`suffstats` integer overflow
scoopxyz opened this issue · comments
Hello,
When attempting to do some distribution fitting on integer data, I ran into overflow when using suffstats
and fit
, my use case made me notice it for a Normal
distribution but its likely to show up elsewhere.
This can be easily reproduced via:
using Distributions
samples = UInt16.(round.(randn(1_000_000) .* 100 .+ 1000));
ss = suffstats(Normal, samples)
fit_mle(Normal, ss)
yielding...
Normal{Float64}(μ=0.031291, σ=1004.9262791...)

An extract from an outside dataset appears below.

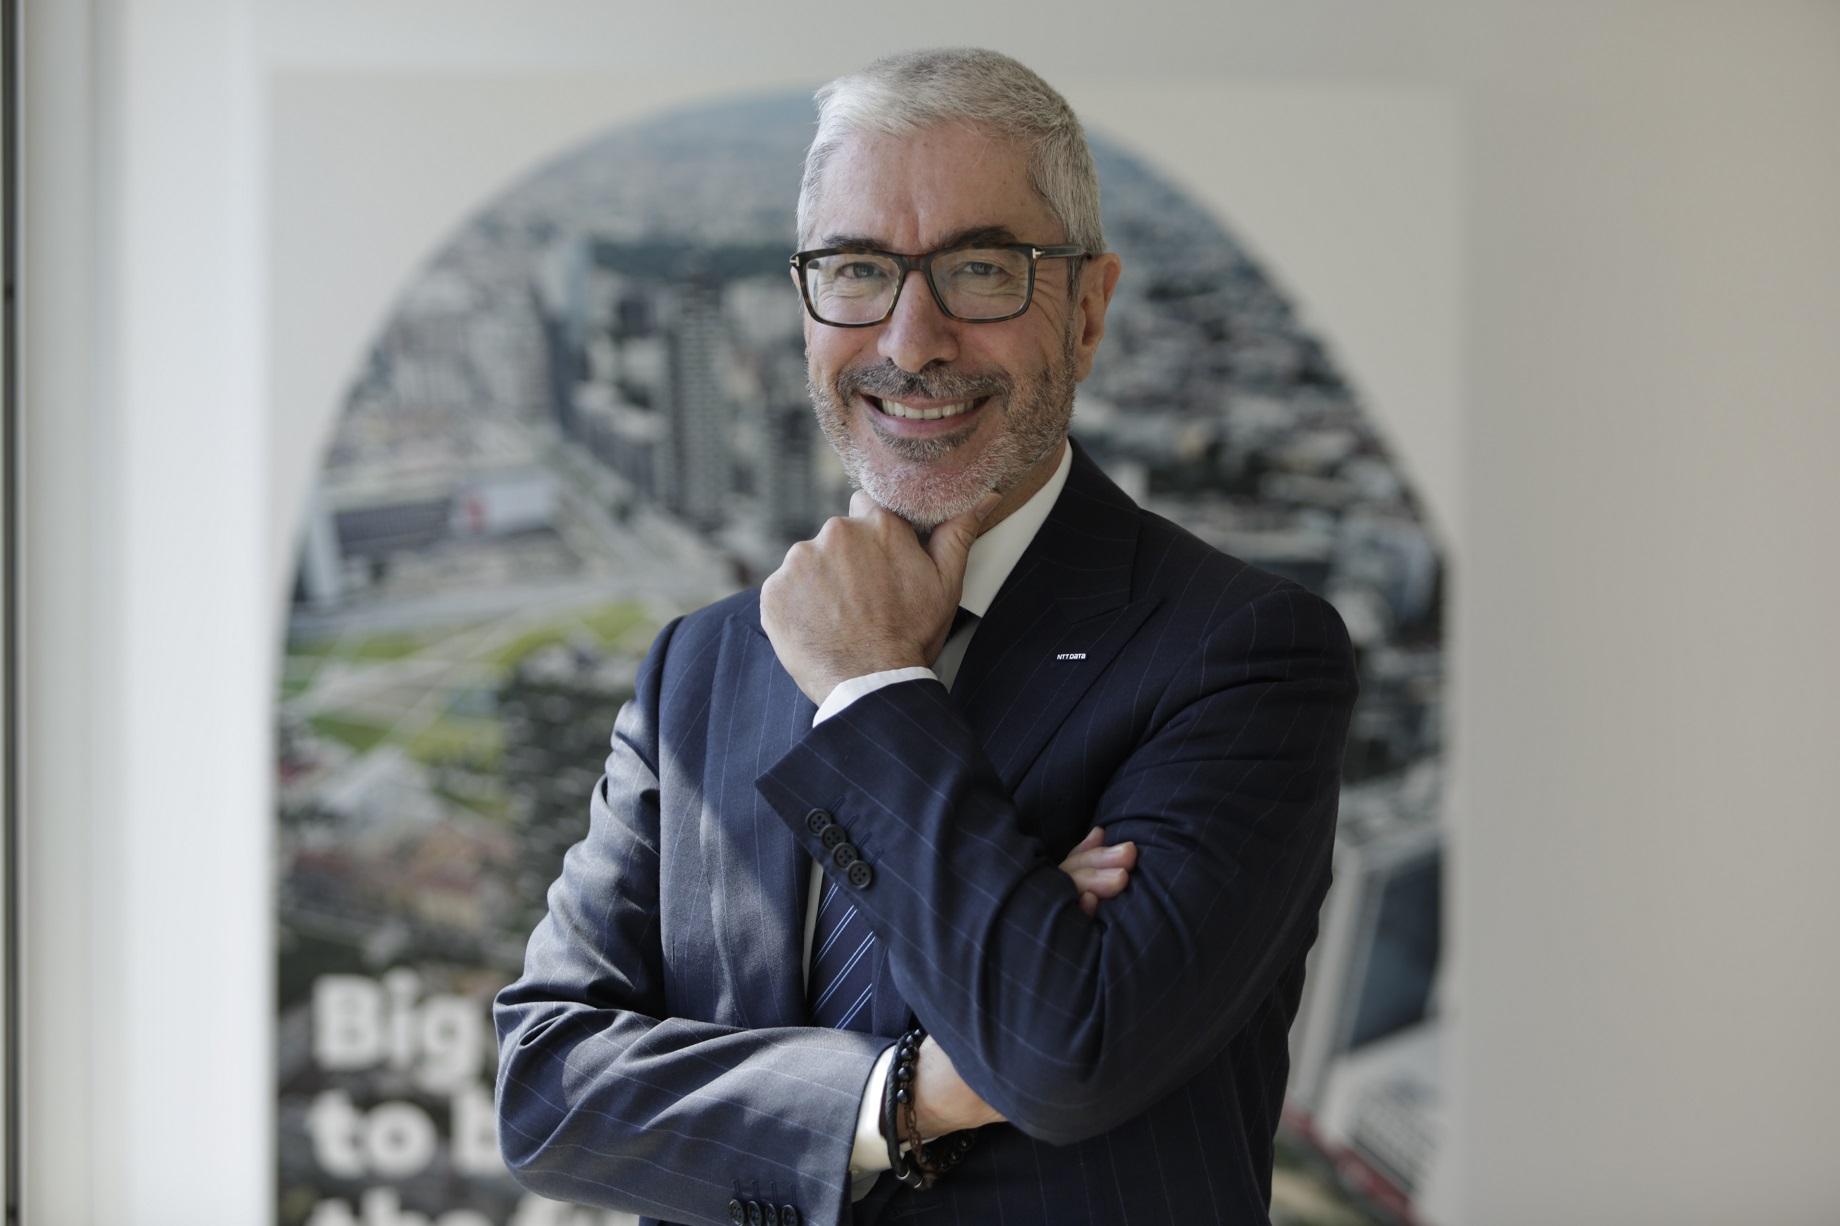 Walter Ruffinoni, NTT Data

This is due to the type stability/enforcement used in the summation here:
Distributions.jl/src/univariate/continuous/normal.jl
Lines 134 to 137 in c1705a3
The method accepts all subtypes of Real
so Integer
s fall into the "expected" use-case, but it would clearly be fragile with smaller integer types. I can imagine a few scenarios to deal with this:
- Leave as-is and document the potential issue, maybe suggest against Integer types
- Specialize on
Integer
eltype and accumlate into an Int64 variable, possibly error on overflow - utilize
sum
from Base rather than a manual loop
All values are cast to Float64 in the returned struct, so I'm not seeing the necessity for enforcing type stability in this case.
It's very old code. I think we should just use sum
here and when compute the second central moment below. It would be great if you could prepare a PR with your example as a test.